Posted by: John Weidner at October 17, 2005 11:58 AMThis one is way, way too long but it's still my personal favorite out of all the things Steyn has ever written:
What have we learnt since 11 September? We’ve learnt that poverty breeds despair, despair breeds instability, instability breeds resentment, and resentment breeds extremism. Yes, folks, these are what we in the trade call ‘root causes’. Which cause do you root for? ‘Poverty breeds instability’ (the Detroit News)? Or ‘poverty breeds fanaticism’ (Carolyn Lochhead in the San Francisco Chronicle)?
Bear in mind that ‘instability breeds zealots’ (John Ibbitson in the Toronto Globe and Mail), but that ‘fanaticism breeds hatred’ (Mauve MacCormack of New South Wales) and ‘hatred breeds extremism’ (Mircea Geoana, Romanian Foreign Minister).
Above all, let’s not forget that ‘desperation breeds resentment’ (Howard Zinn in the Los Angeles Times) and ‘resentment breeds terrorism’ (Eugene G. Wollaston of Naperville, Illinois), but sometimes ‘desperation breeds terrorism’ (a poster in Lower Manhattan) as surely as ‘despair breeds terrorism’ (Ian Lawson in the San Diego Union-Tribune), though occasionally ‘despair breeds pestilence’ (James Robertson of Ashland, Oregon).

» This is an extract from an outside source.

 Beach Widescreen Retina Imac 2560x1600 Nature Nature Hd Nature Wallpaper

Moreover, ‘injustice breeds hopelessness’ (Stephen Bachhuber of Portland, Oregon) and ‘hopelessness breeds fanaticism’ (Mark McCulloch of Forest Hills, Pennsylvania) and ‘injustice breeds rage’ (the National Council of Churches).
Also, ‘ignorance breeds hate’ (Wasima Alikhan of the Islamic Academy of Las Vegas), just as ‘hostility breeds violence’ (Alexa McDonough, leader of Canada’s New Democratic Party), and ‘suffering breeds violence’ (David Pricco of San Francisco) and ‘war breeds hate and hate breeds terrorism’ (Julia Watts of Berkeley, California) and ‘intolerance breeds hate, hate breeds violence and violence breeds death, destruction and heartache’ (David Coleman of the University of Oklahoma).

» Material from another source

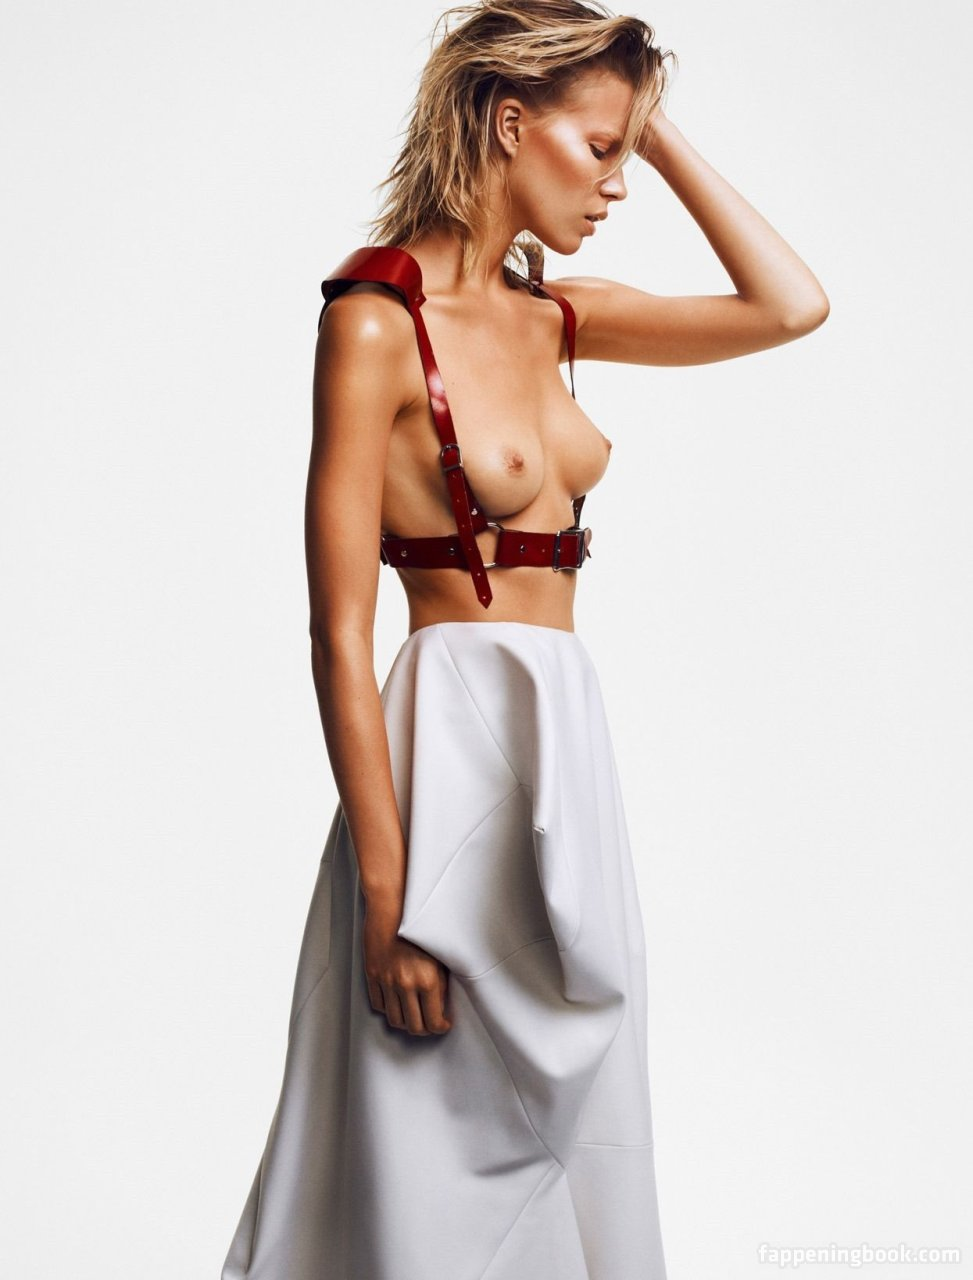 Karen Tomlin  nackt

‘Injustice breeds injustice’ (Dr L.B. Quesnel of Manchester) and ‘suffering breeds suffering’ (Gabor Mate, author of Scattered Minds: A New Look at the Origins and Healing of Attention Deficit Disorder) and ‘instability breeds instability’ (Congressman Alcee Hastings) and ‘hate breeds hate’ (a sign at the University of Maryland) and ‘hatred breeds hatred’ (the Reverend Charles A. Summers of the First Presbyterian Church of Richmond, Virginia) and ‘anger breeds anger. Hostility breeds hostility. And attacks are going to breed other attacks’ (Dania Dandashly of the Governor Bent Elementary School in Albuquerque, New Mexico), all of which only further confirms that — all together now — ‘violence breeds violence’. [...]

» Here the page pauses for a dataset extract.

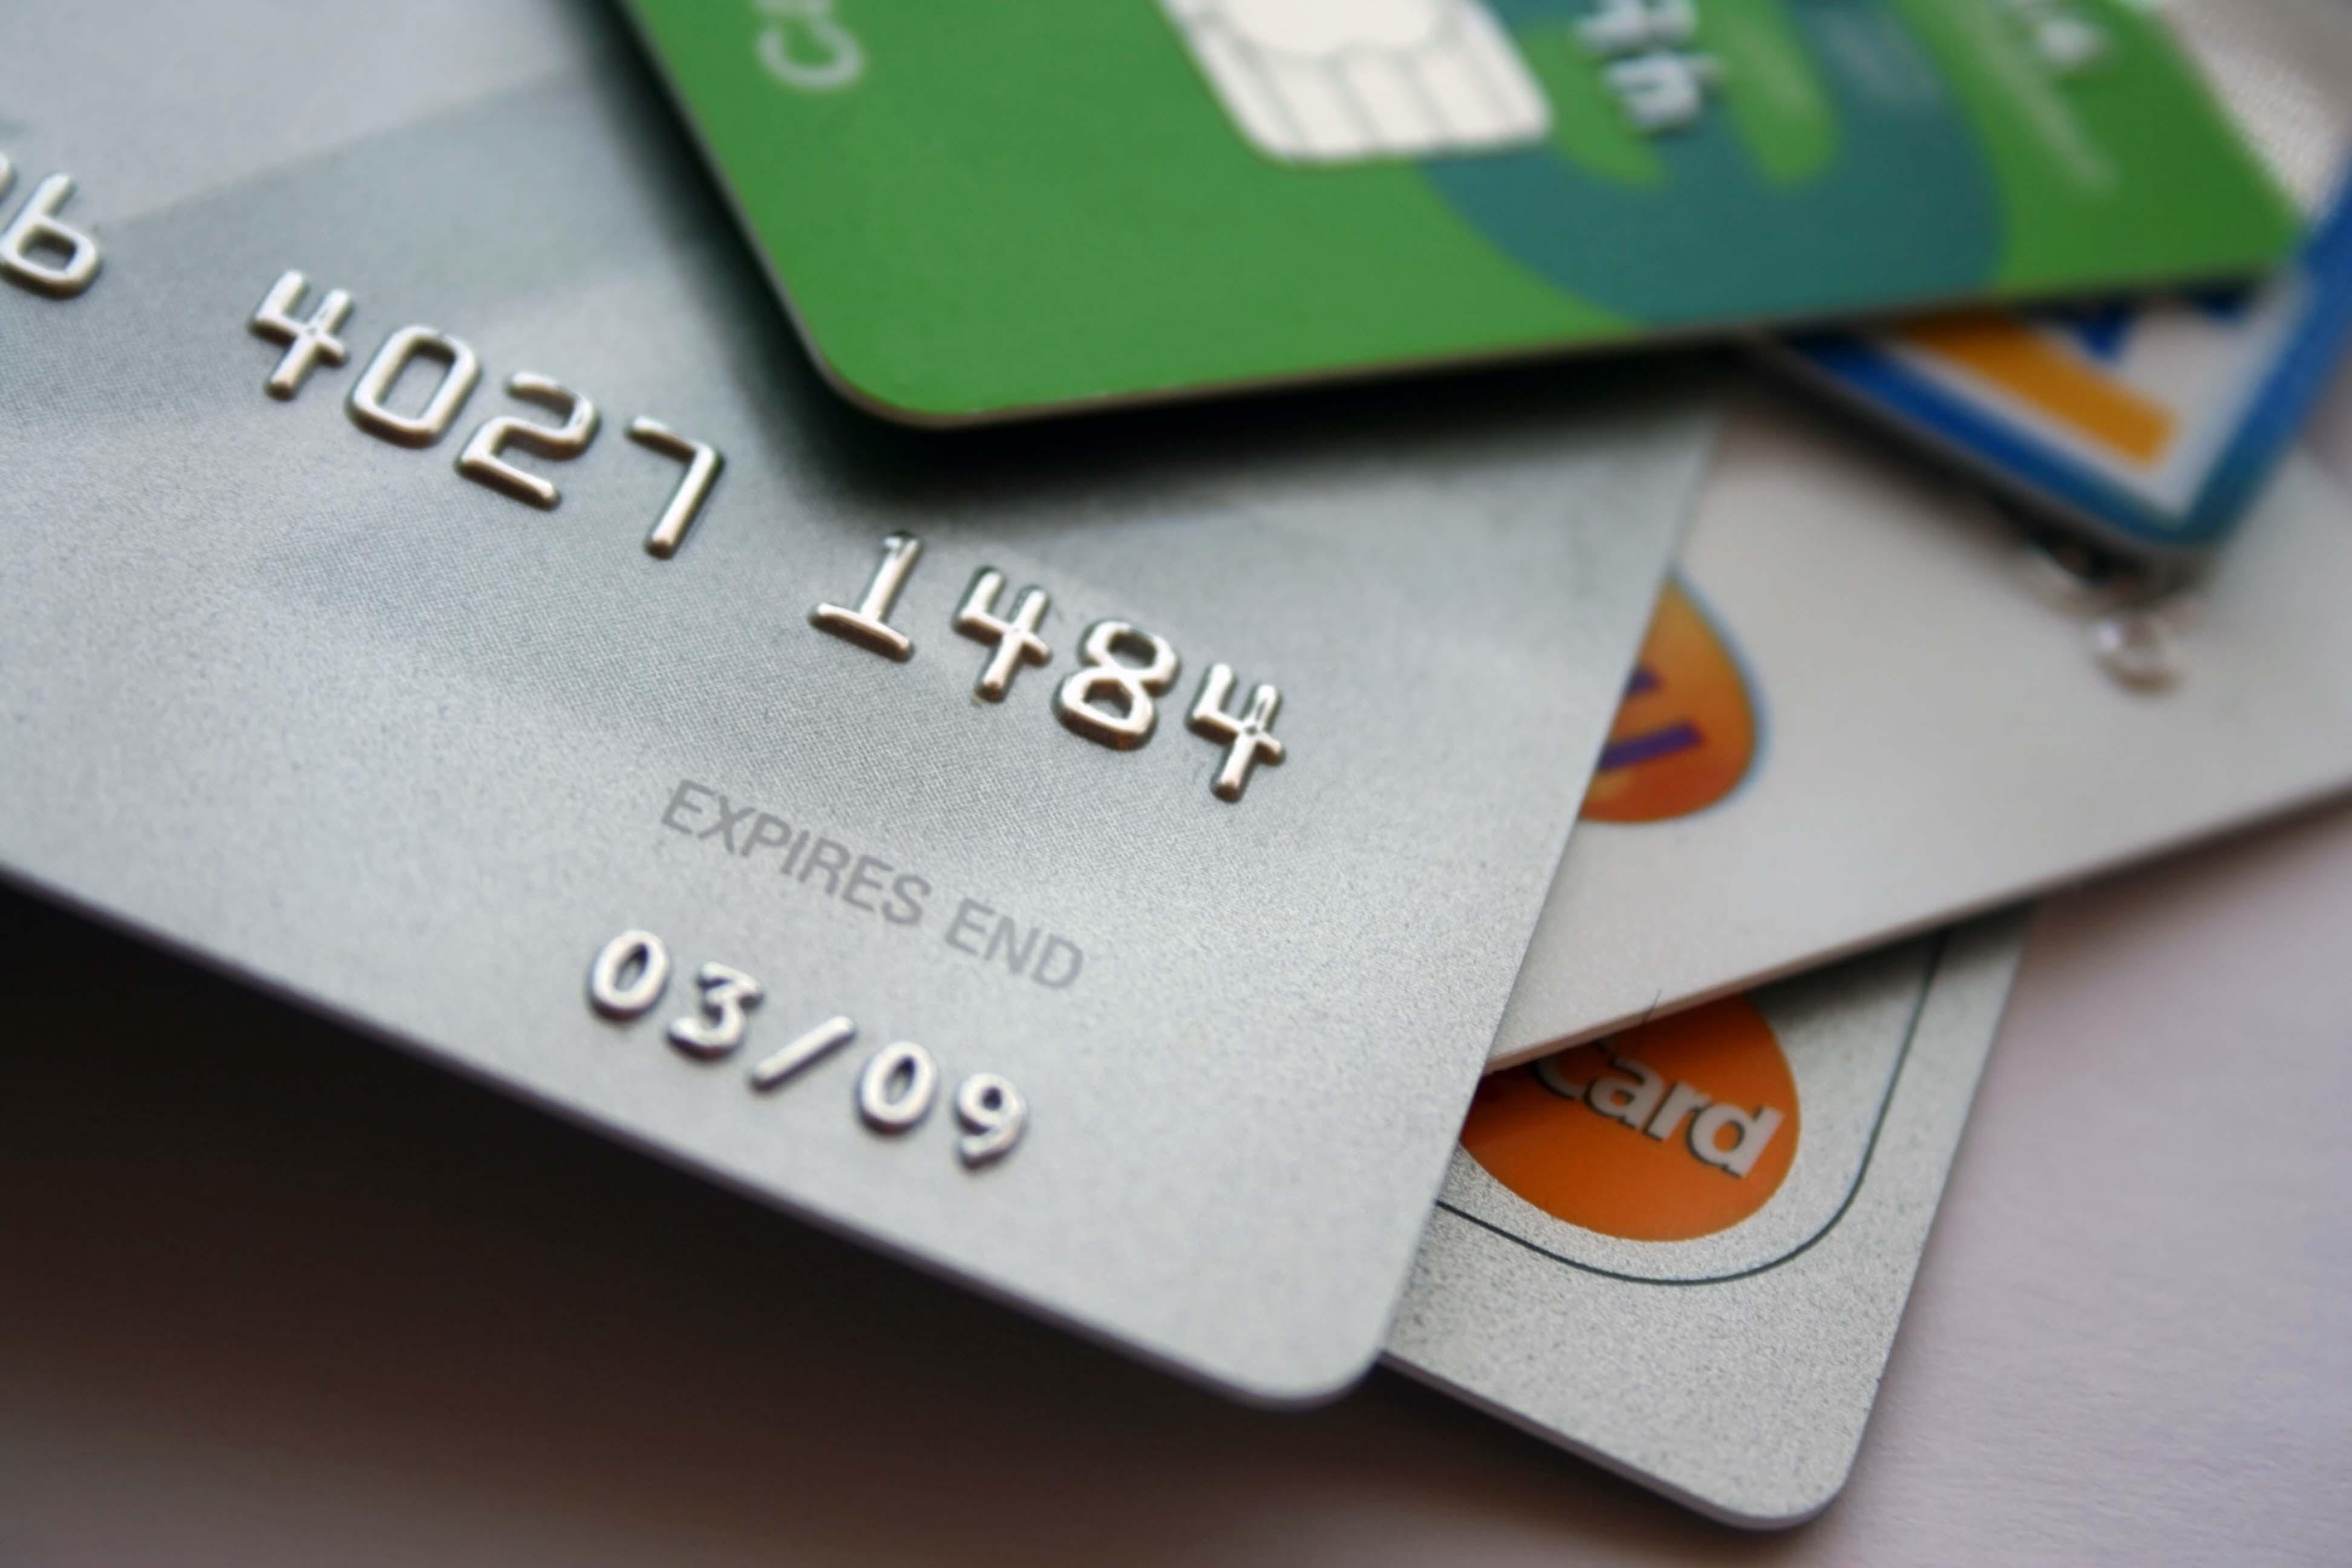 Boursorama En Voyage Et La Carte Visa Premier Attention

[A] large swath of the Left has settled into an endless dopey roundelay, a vast Schnitzlerian carousel where every abstract noun is carrying on like Anthony Quinn on Viagra. Instability breeds resentment, resentment breeds inertia, inertia breeds generalities, generalities breed clichés, clichés breed lame metaphors, until we reach the pitiful state of the peacenik opinion columns where, to modify the old evening news motto, if it breeds it leads. If I were to say ‘Mr Scroggins breeds racing pigeons’, it would be reasonable to assume that I’d been round to the Scroggins house or at least made a phone call. But the ‘injustice breeds anger’ routine requires no such mooring to humdrum reality, though it’s generally offered as a uniquely shrewd insight, reflecting a vastly superior understanding of the complexities of the situation than we nuke-crazy warmongers have. ‘What you have to look at is the underlying reasons,’ a Dartmouth College student said to me the other day. ‘Poverty breeds resentment and resentment breeds anger.’
‘Really?’ I said. ‘And what’s the capital of Saudi Arabia?’
Posted by: Matt Murphy at October 17, 2005 8:35 PMMy favoutire isn't so funny. I've never seen a better one sentence skewering of the leftist mindset that this, a few days after 9/11:
"Why do some people experience the full horror of the secretary incinerated by the photocopy machine, while others feel nothing more than a vindication of their thesis on Kyoto?"